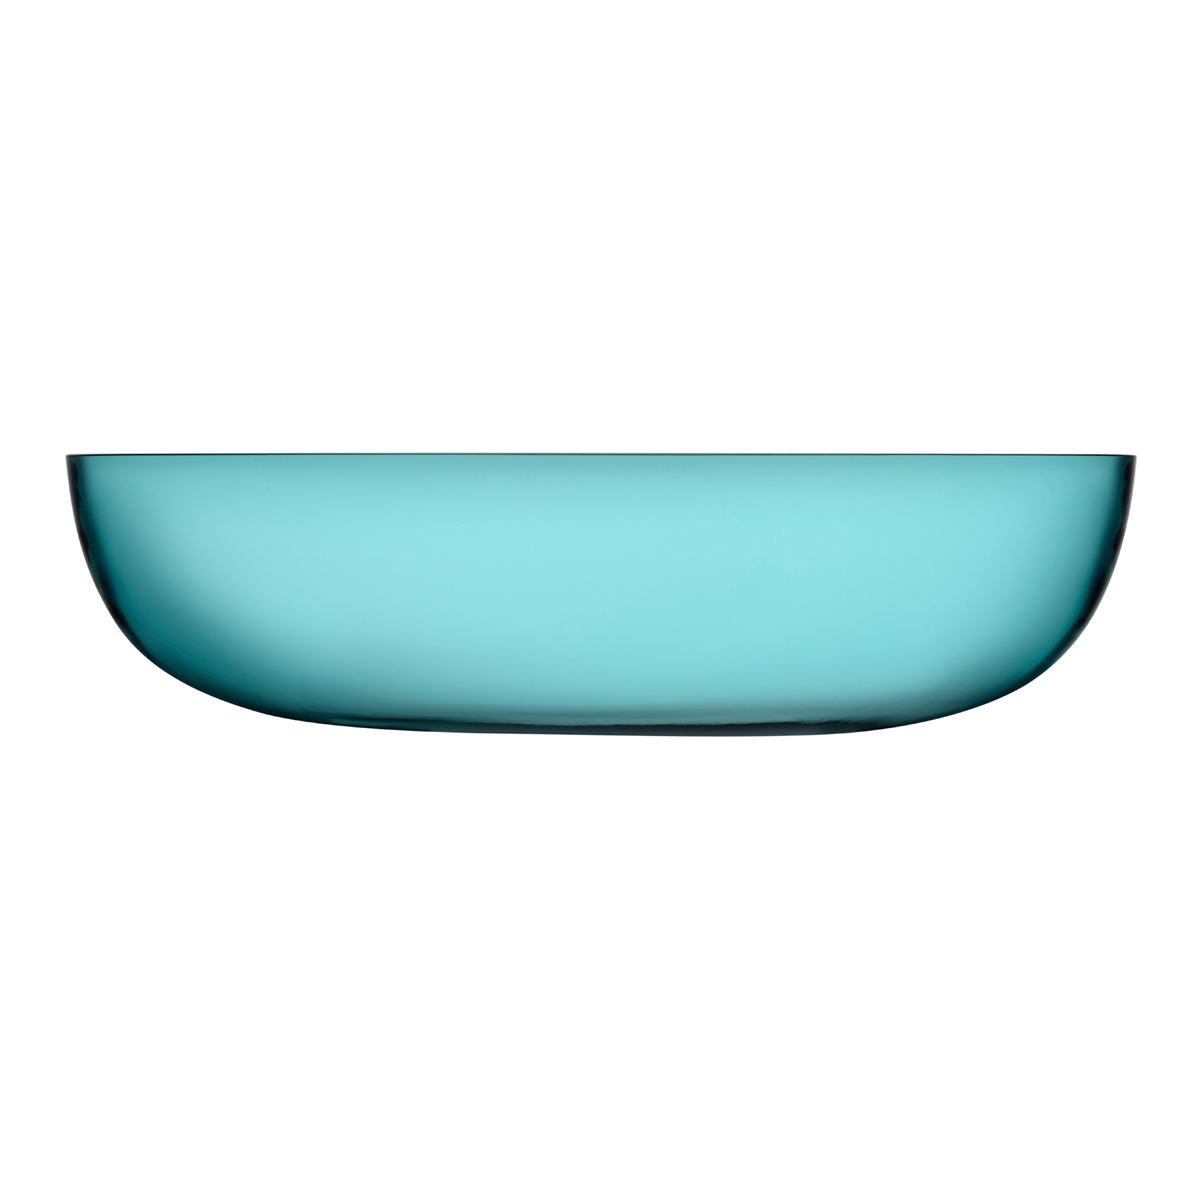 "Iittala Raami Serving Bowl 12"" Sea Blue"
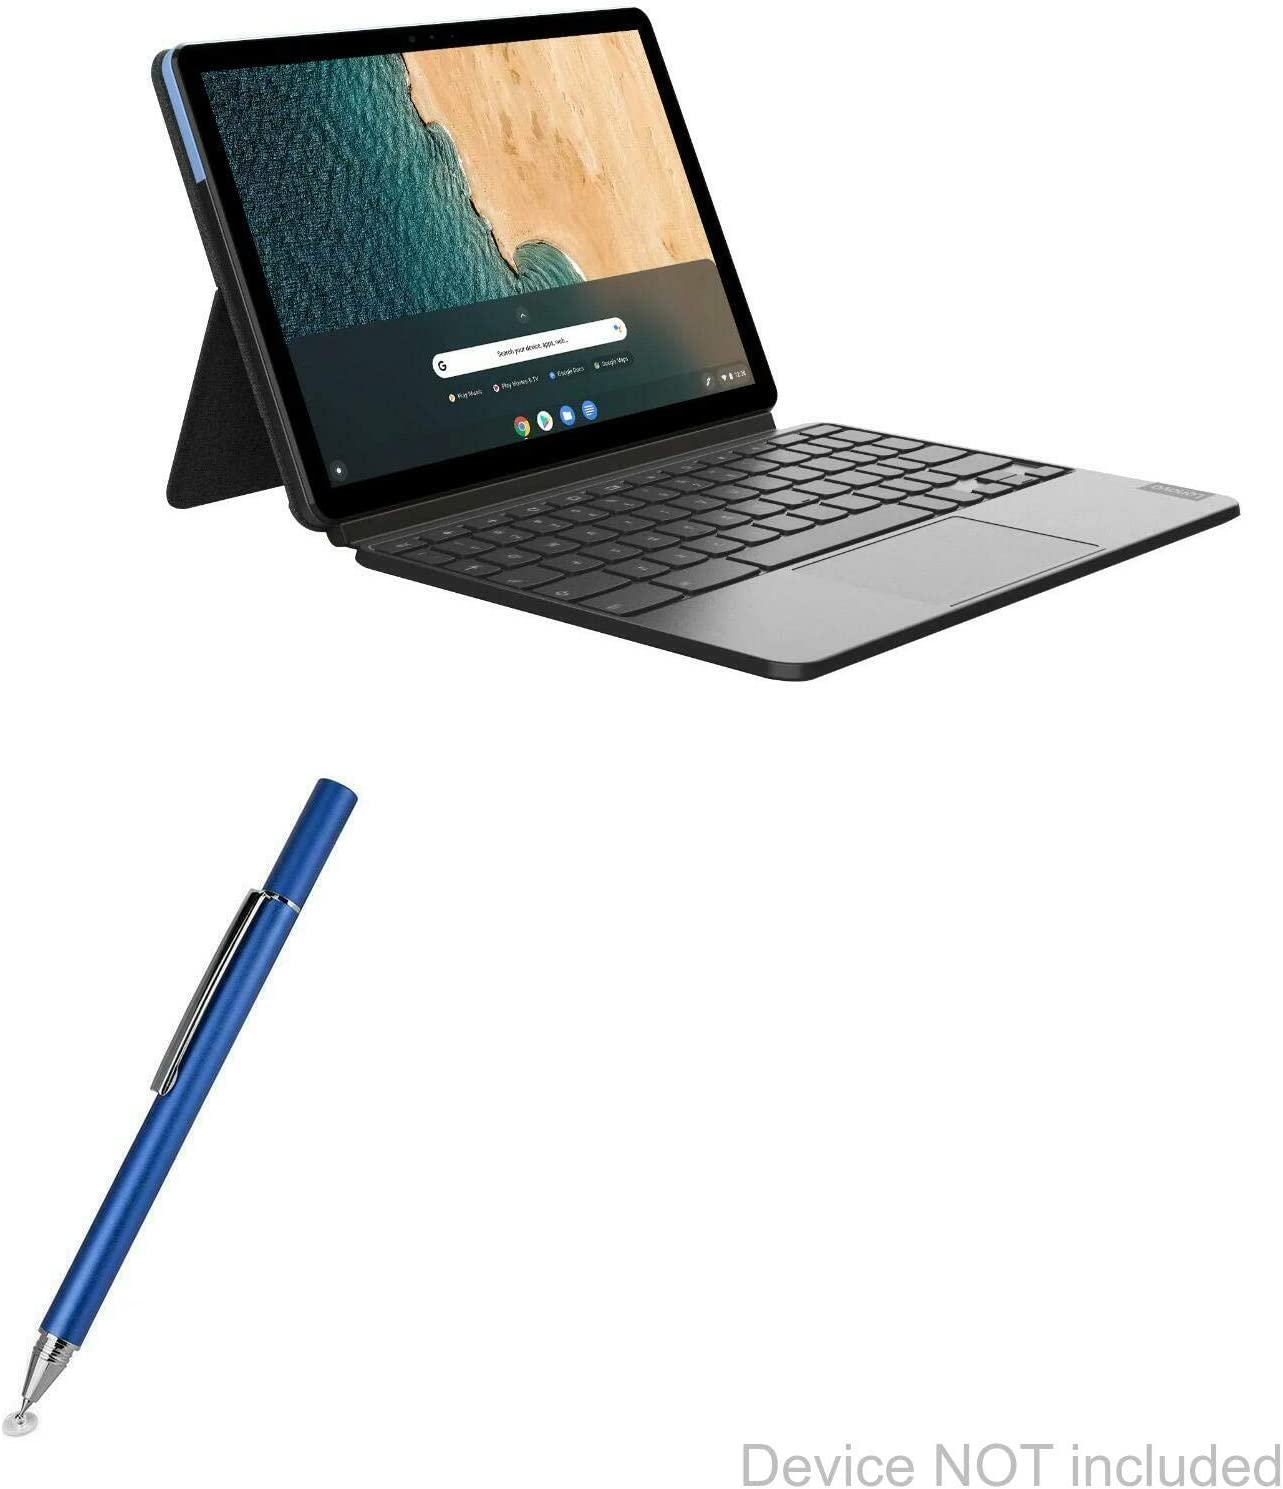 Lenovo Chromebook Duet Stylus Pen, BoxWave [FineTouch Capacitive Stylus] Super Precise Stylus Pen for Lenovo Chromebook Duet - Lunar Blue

########

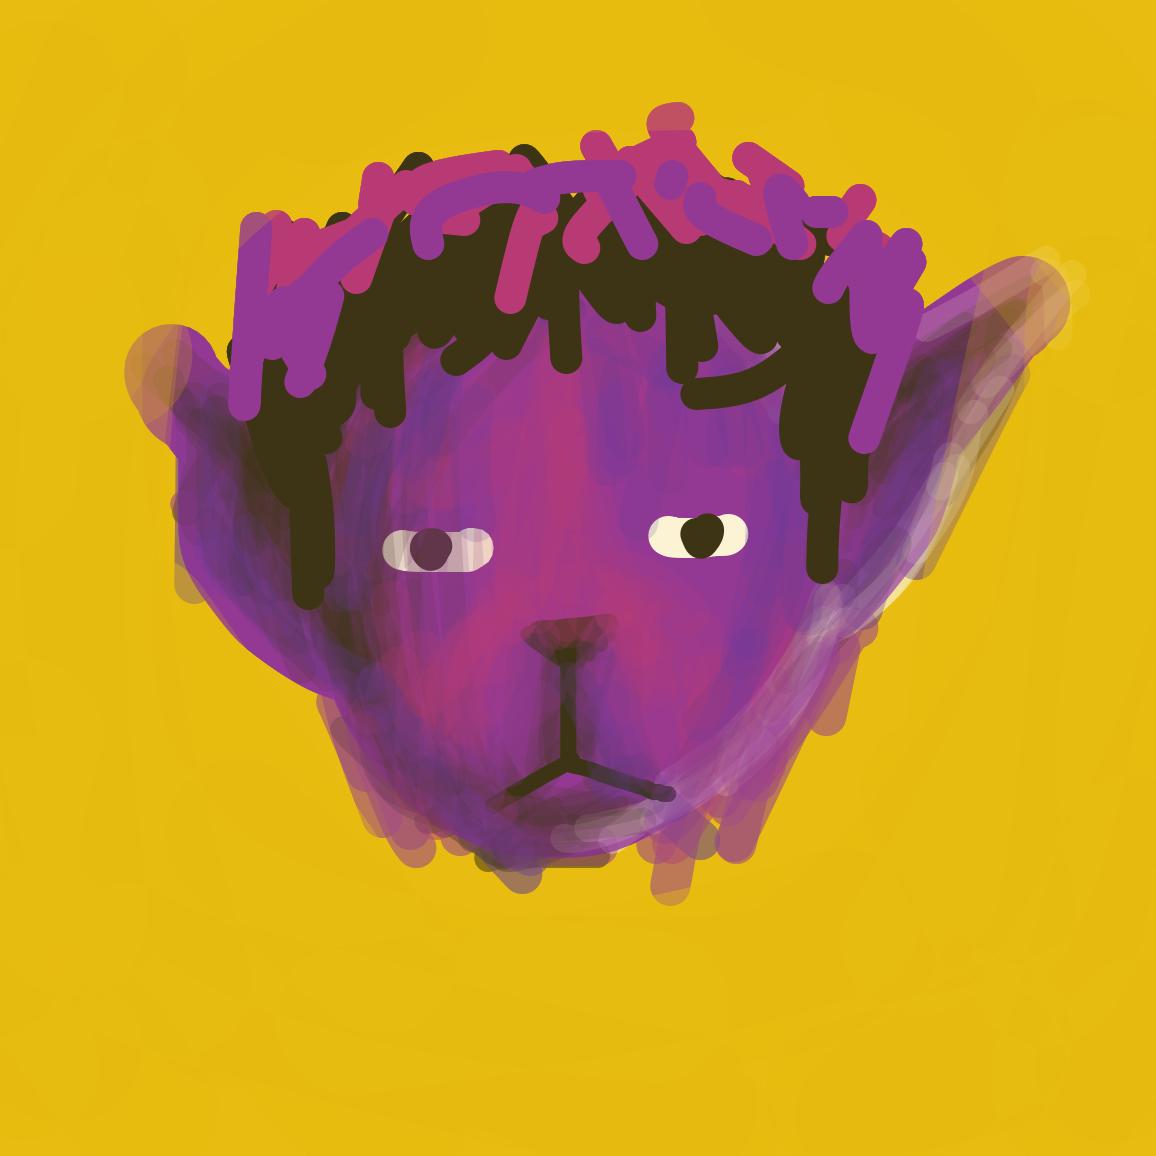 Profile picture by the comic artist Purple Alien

########

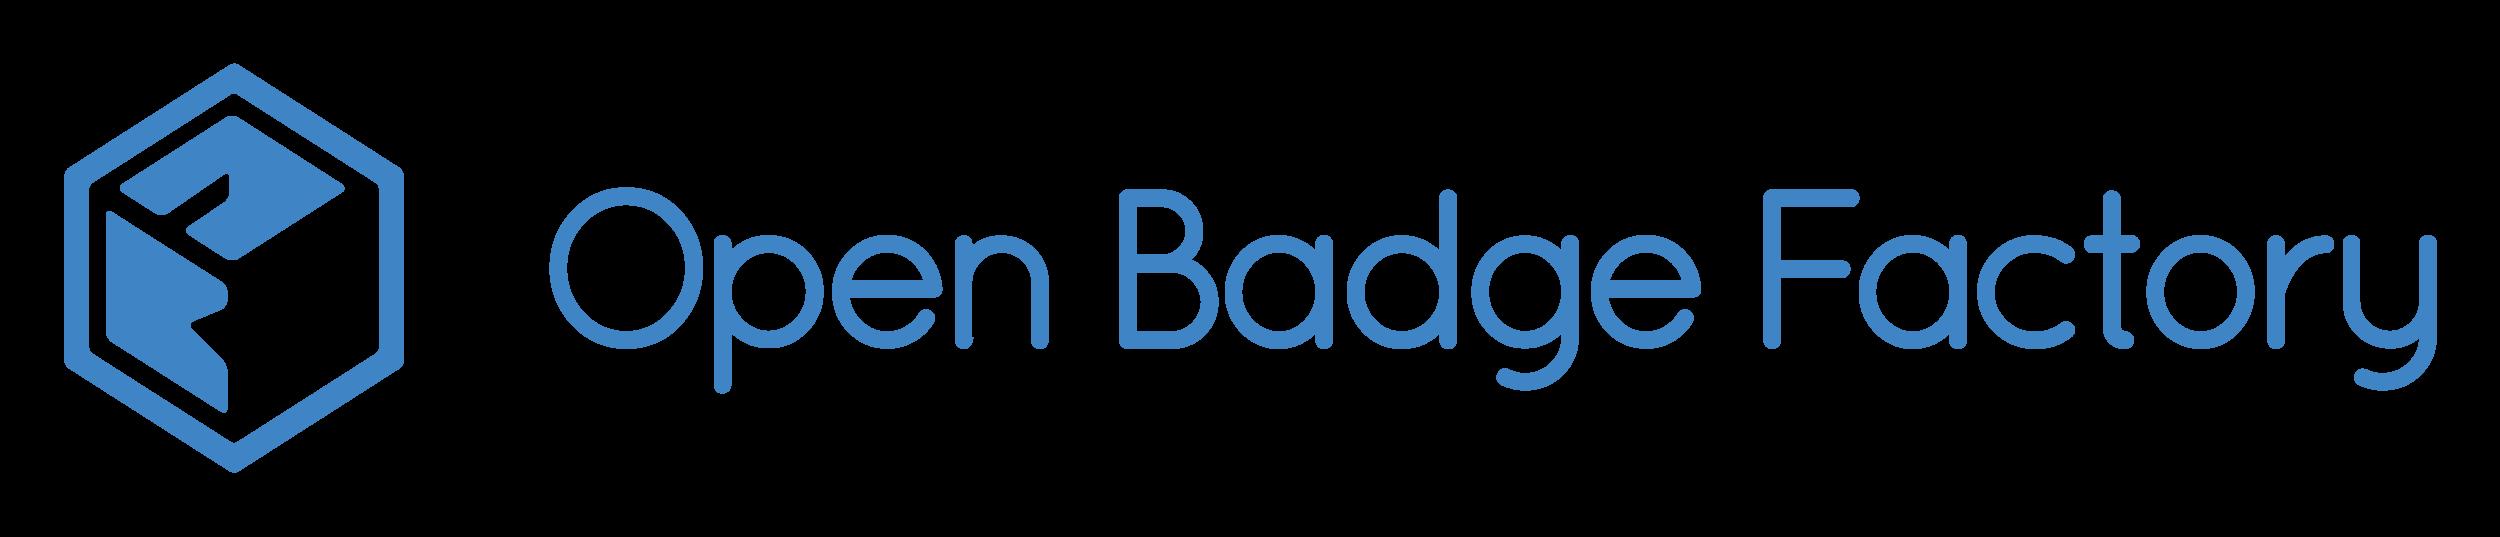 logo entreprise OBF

########

→ Exercise
Look above and copy only the lines from the one holding "Raami Serving Bowl" to the one holding "Lenovo Chromebook Duet Stylus", both included, exactly, minus the pictures.

→ Answer space
 "Iittala Raami Serving Bowl 12"" Sea Blue"
 Lenovo Chromebook Duet Stylus Pen, BoxWave [FineTouch Capacitive Stylus] Super Precise Stylus Pen for Lenovo Chromebook Duet - Lunar Blue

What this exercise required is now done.